In a typical embodiment, the decals are sized so that they can be viewed from a relatively large distance. For example, the decals can be 12 inches although other sizes are clearly contemplated. The decals also are made of a sturdy durable material such as vinyl that can withstand weather conditions and receive written information, preferably from a permanent marker. The decals include an adhesive strong enough to remain on the chosen surface, but still easily removable from the surface after the storm. The peel away portion, which can include the instructions, is typically discarded. In a typical implementation, the decals are one time use only, and intended to be discarded after use. The one time only feature contemplates that the occupied decal information can change from time to time. In addition, during a subsequent storm, the intent of the occupant can change. For example, the user may intend to stay for the first storm but leave for the second storm.

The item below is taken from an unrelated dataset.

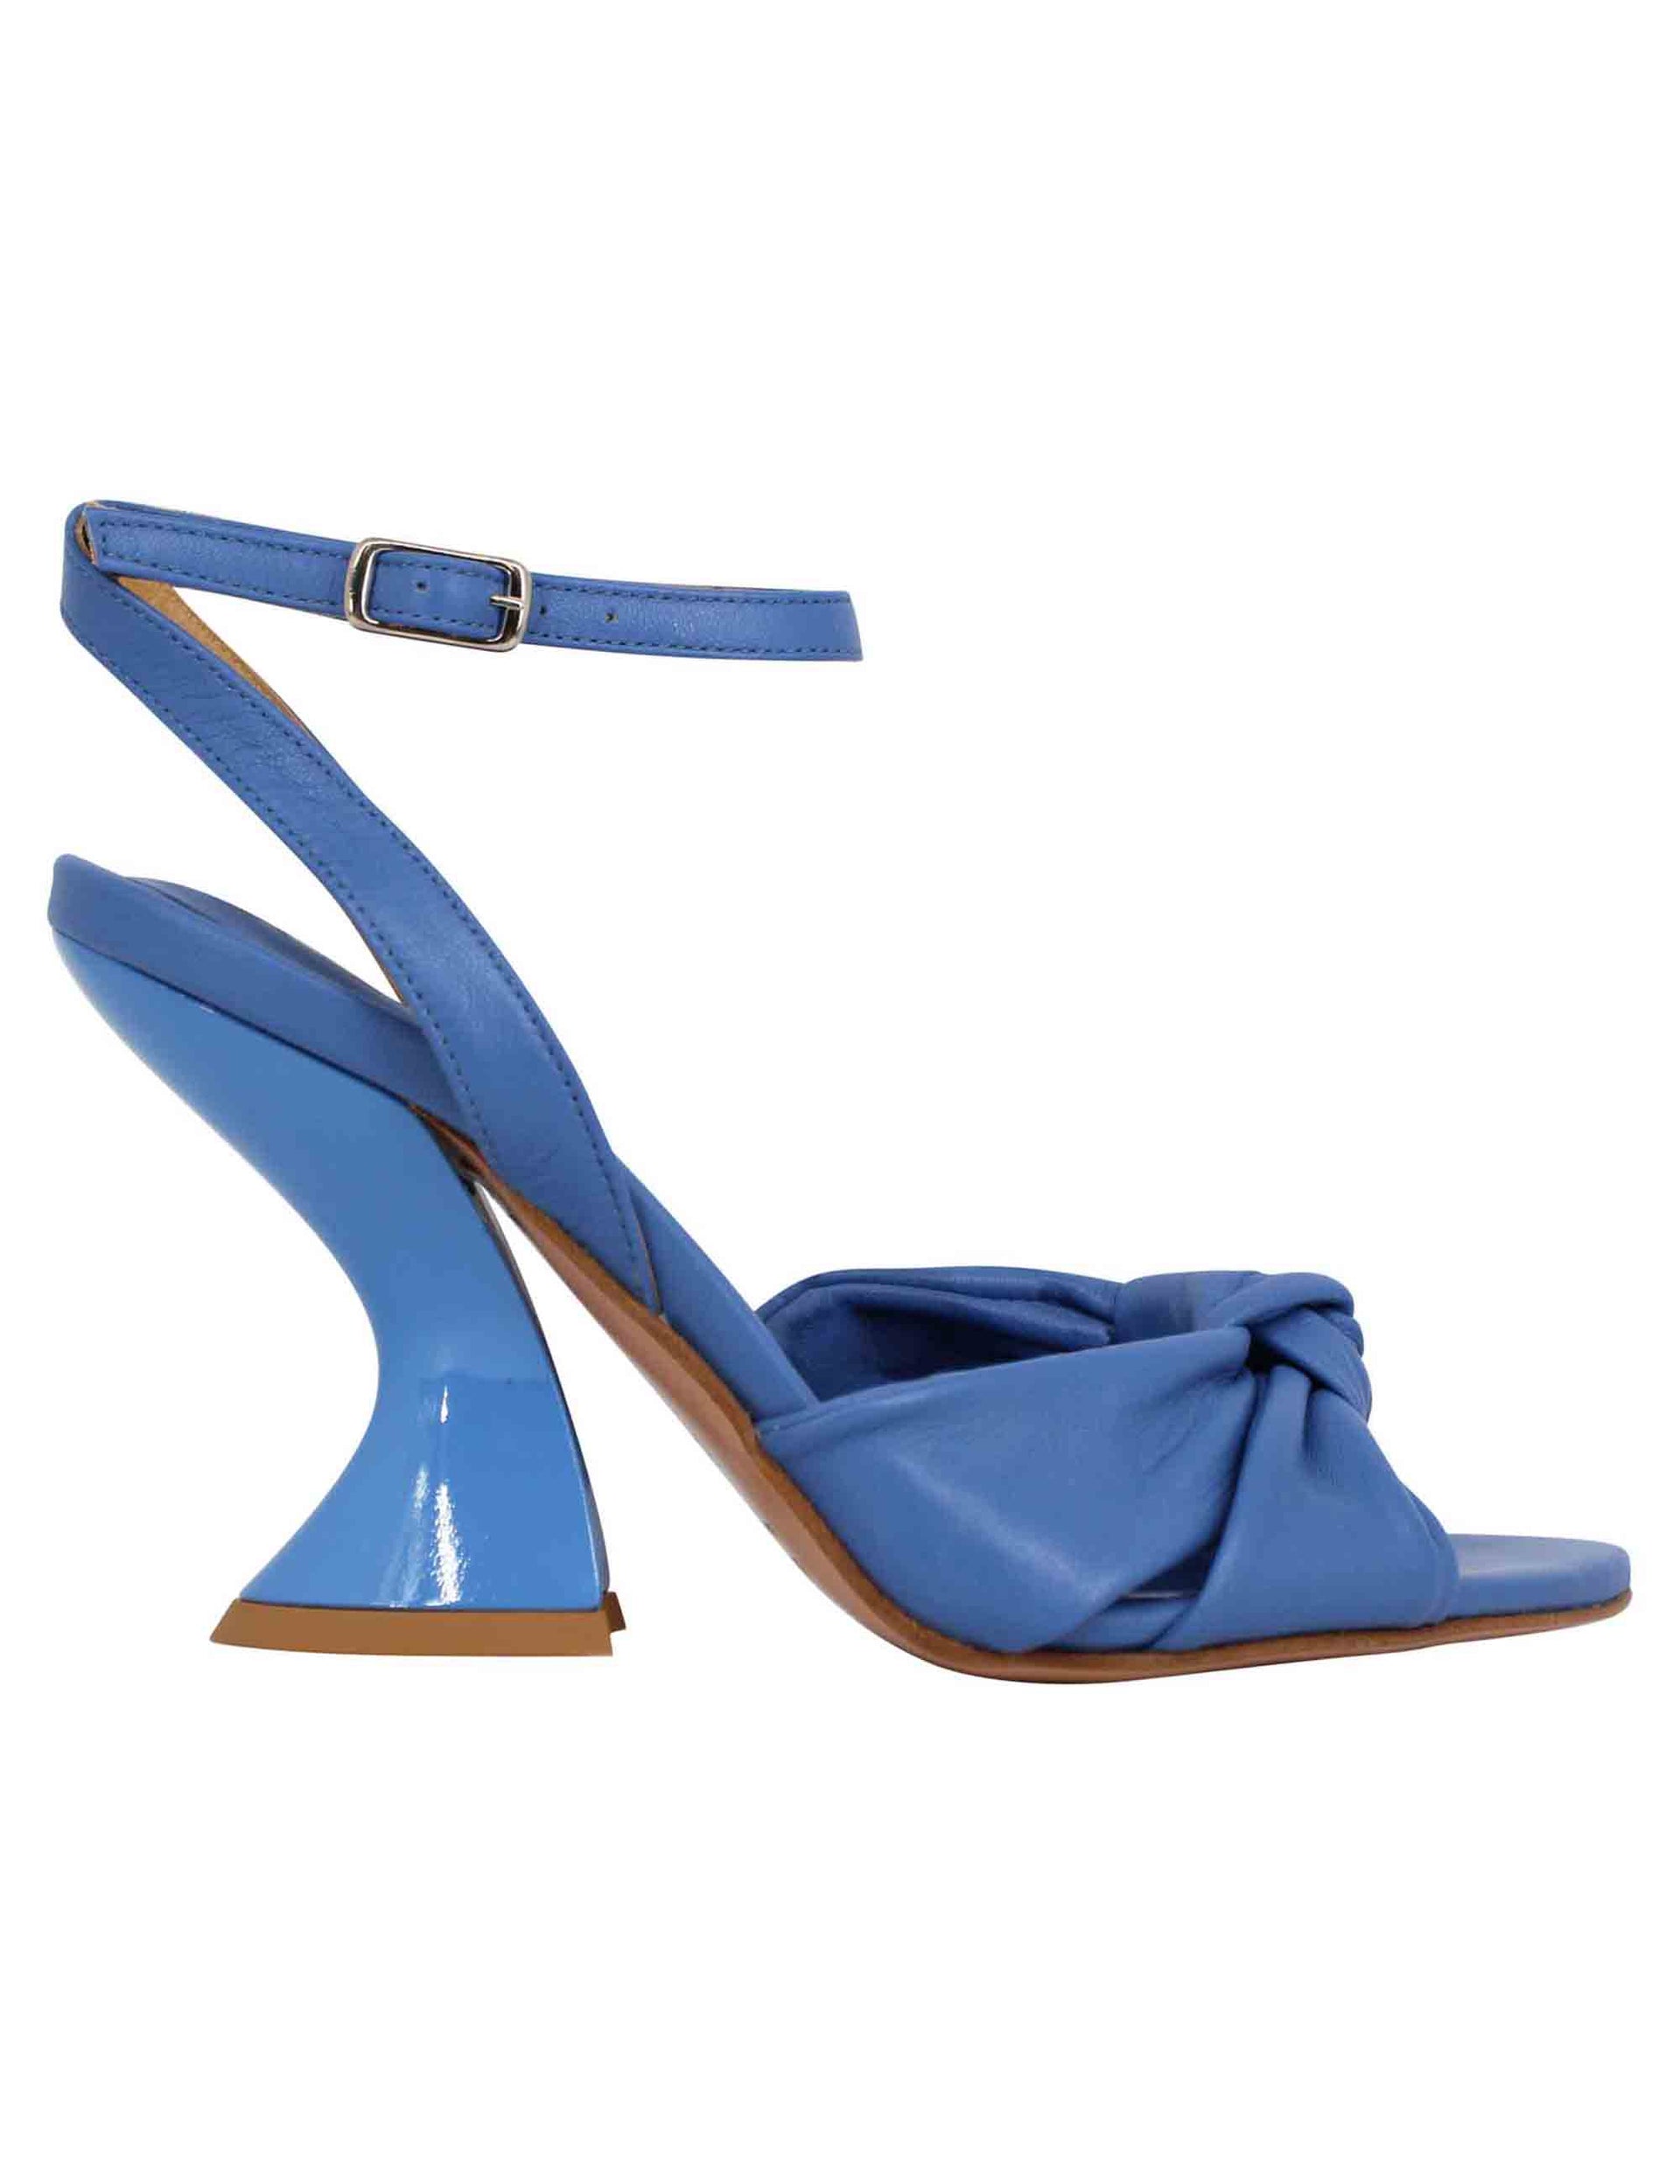 Women's blue leather sandals with high heel and ankle strap

Therefore, two different decals are required for the two different events.

Rescue workers, such as security and law enforcement personnel, arriving immediately after a disaster can be instructed to pay special attention to those homes displaying a “vacant” decal and to detain anyone seen on those premises, as assumed to be looters or other potential criminals. This feature aids law enforcement in that if people are around a dwelling displaying an “occupied” decal, it can be concluded that they are residents that remained for the storm. Furthermore, this feature helps those residents who display a vacant decal from thinking that the display of the vacant decal is an indication to looters to target those dwelling displaying a vacant decal. In fact, by displaying a yellow decal, law enforcement is on an increased level of alert to keep an eye on the dwellings with a vacant decal that no person should be in or around the dwelling with the vacant decal.

In another embodiment, a third decal can be included in the system. The third decal is a “search complete” decal that is placed only be the rescue worker after a thorough search a dwelling is completed. The search complete decal can include a number of boxes on the front into which rescue workers can make notes. The search complete decal can typically be placed on or near the decal placed by the resident.

Referring to the drawings wherein like reference numerals designate corresponding parts throughout the several figures, reference is made first to FIG. 1 that illustrates an embodiment of an occupied decal. As described above, the decal has a distinct shape and color, in this case triangular and orange. The decal further includes an inner portion where the number of occupants can be clearly written for immediate indication to a rescue worker. The occupied decal can further include an emergency contact number or other additional information.

FIG. 2 illustrates an embodiment of a vacant decal. As described above, the decal has a distinct shape and color, in this case triangular and yellow. The decal further includes an inner portion that can include a warning message and the owner's phone number where the actual resident can be reached in case law enforcement or other security personnel needs to contact them. The vacant decal can further include any number of other types of warning messages that can include specific laws of the county, state or other region. In one embodiment, the warning can state, “This building is under special observation by law enforcement personnel. Anyone found on this property without written permission of the owner will be arrested and prosecuted to the fullest extent of the law.”

FIG. 3 illustrates an embodiment of a search complete decal. As described above, the decal has a distinct shape and color, in this case triangular and blue. The decal further includes an inner portion that can include boxes into which the rescue worker can write information pertinent to the searched dwelling. The search complete decal can further include any number of other types of warning messages that can include specific laws of the county, state or other region.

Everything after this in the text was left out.